Would you output all the lines below precisely as they stand, leaving each picture out?

Dataset content →

+++

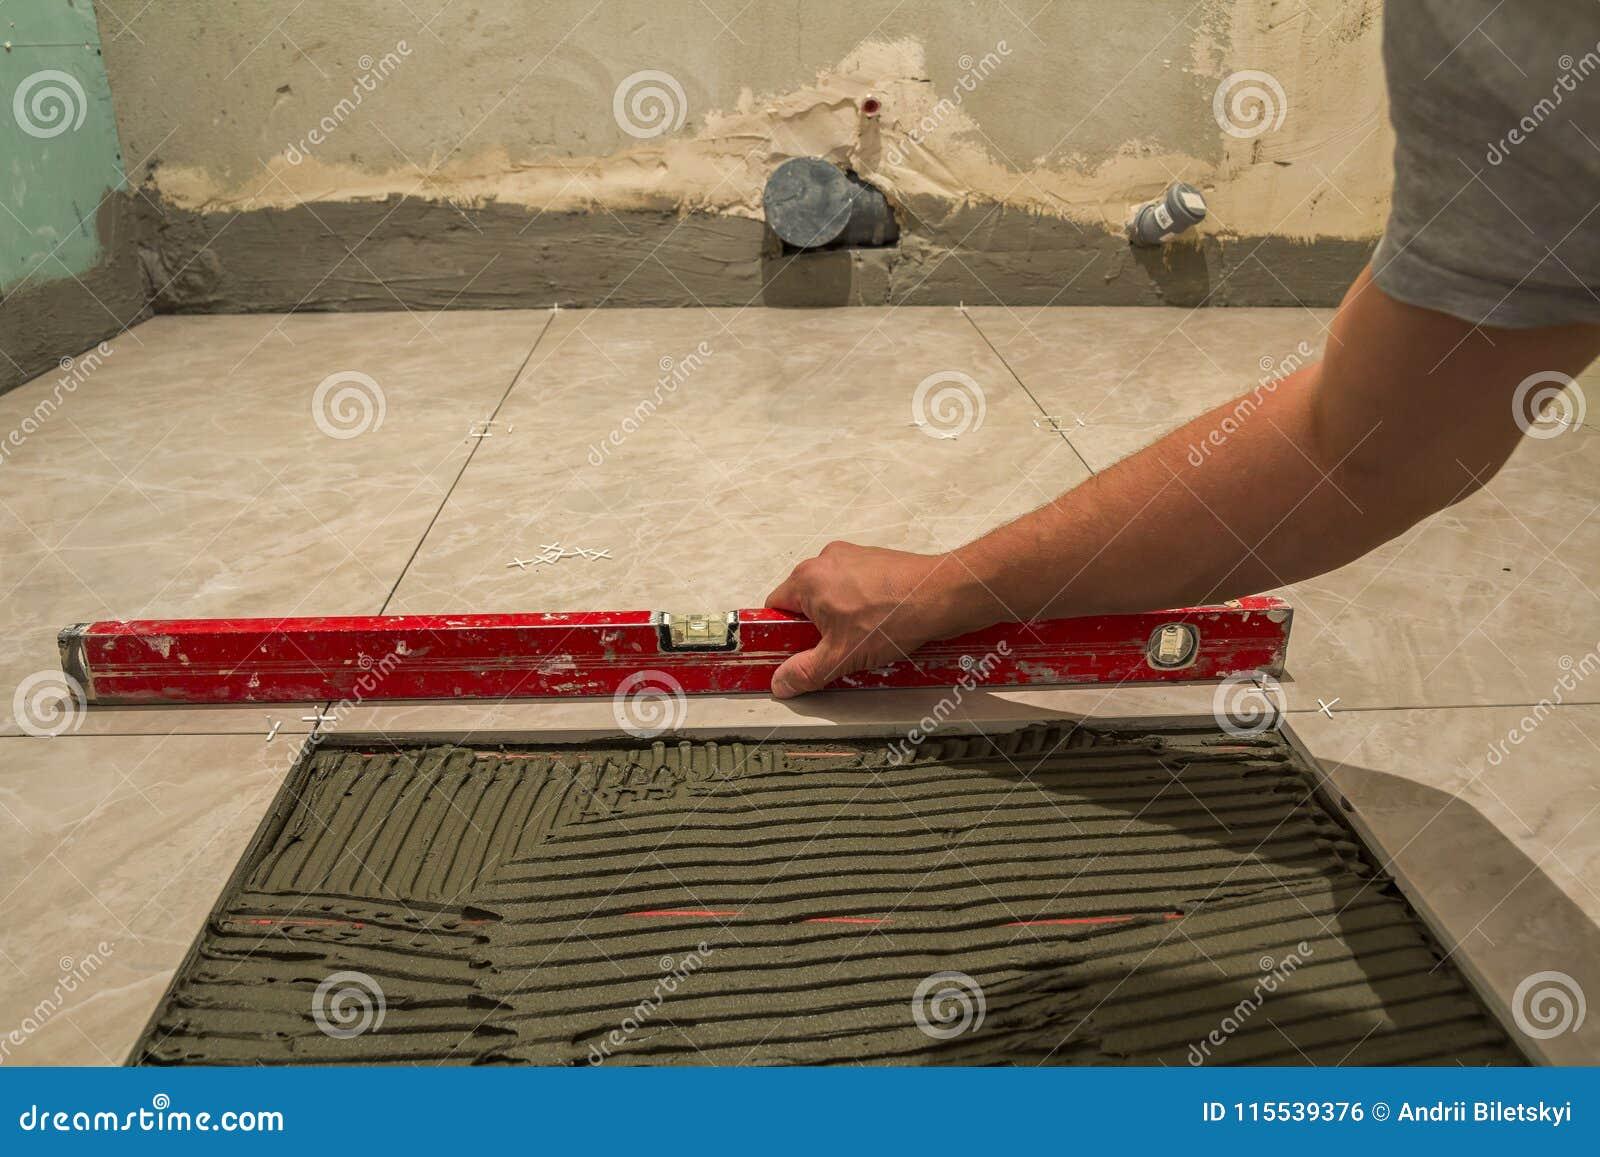 Ceramic Tiles And Tools For Tiler Worker Hand Installing Floor
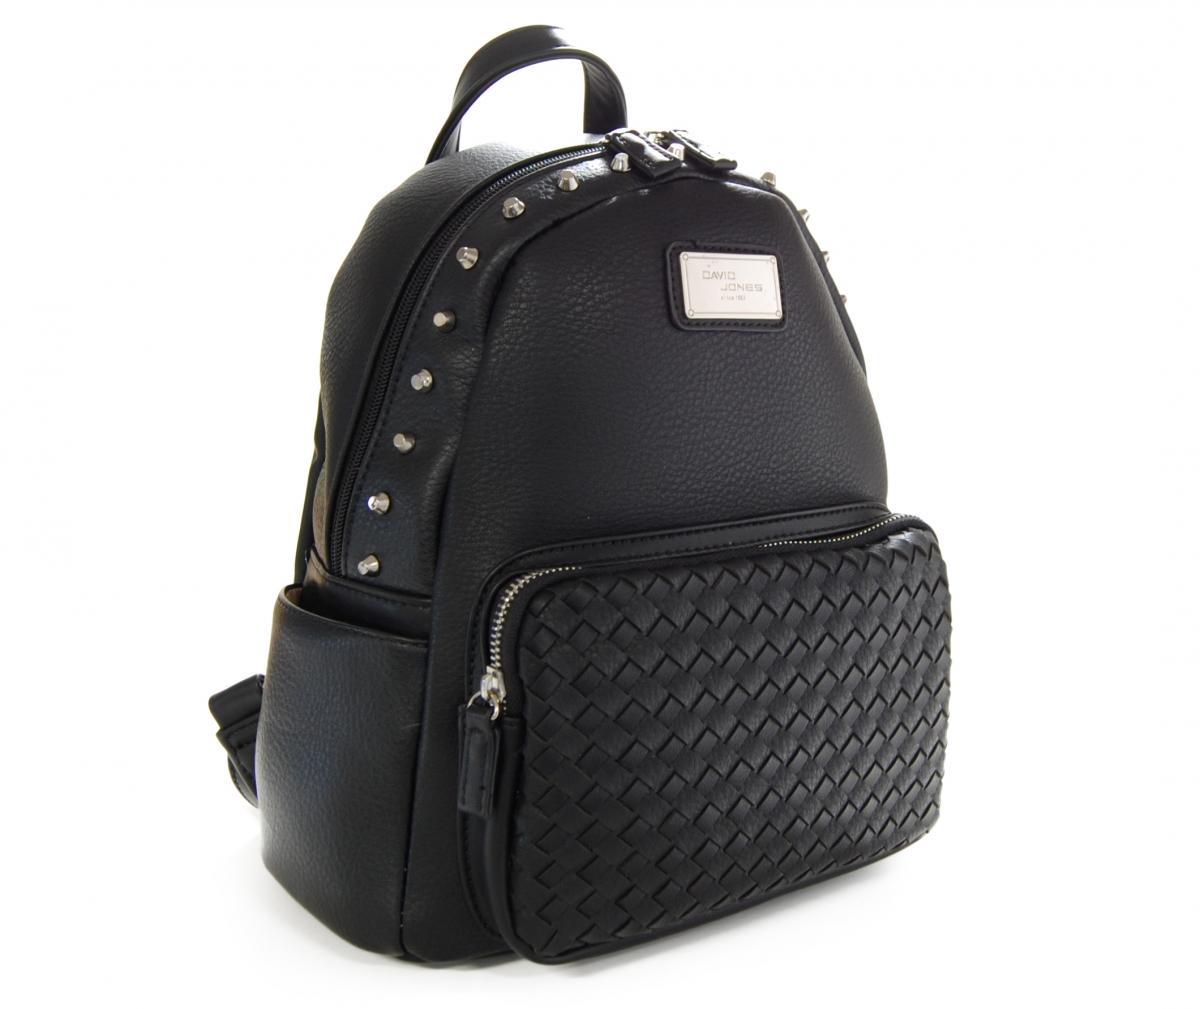 Módní batoh David Jones J17 CM 3525-020, černý CM 3525-020
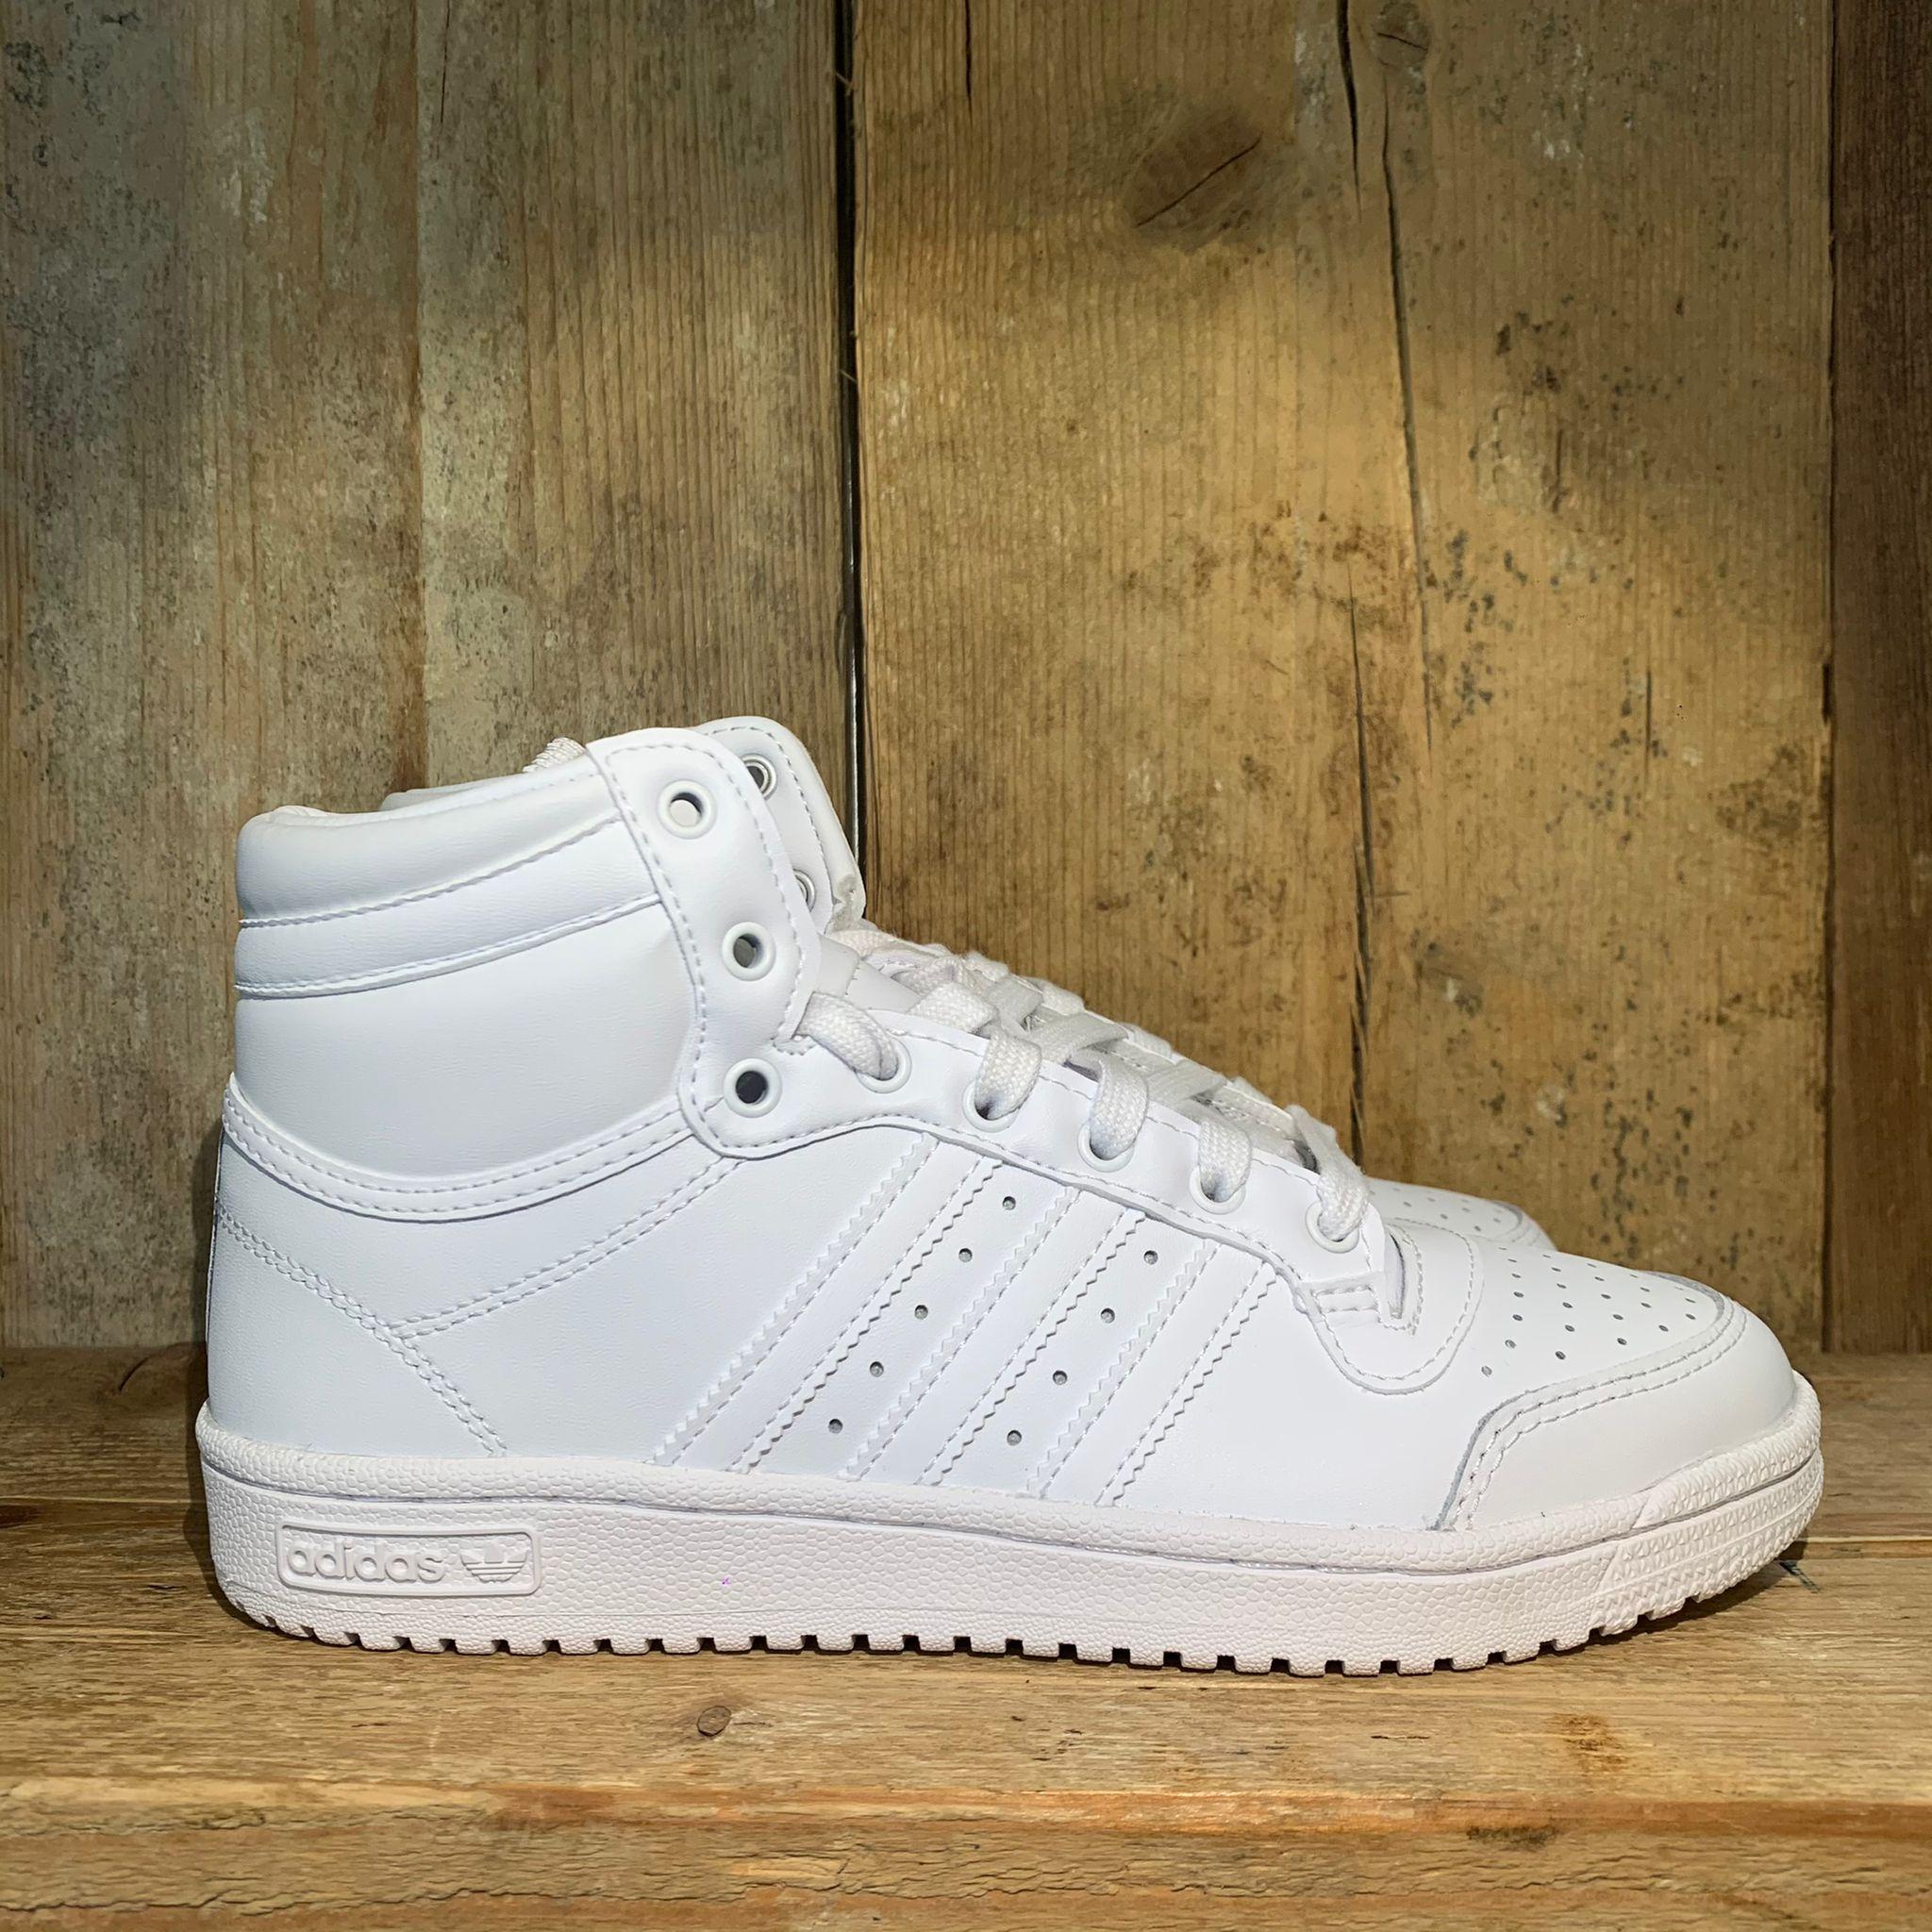 Scarpa Adidas Top Ten Hi J Bianca

+++

Solved exercise →
 Ceramic Tiles And Tools For Tiler Worker Hand Installing Floor
 Módní batoh David Jones J17 CM 3525-020, černý CM 3525-020
 Scarpa Adidas Top Ten Hi J Bianca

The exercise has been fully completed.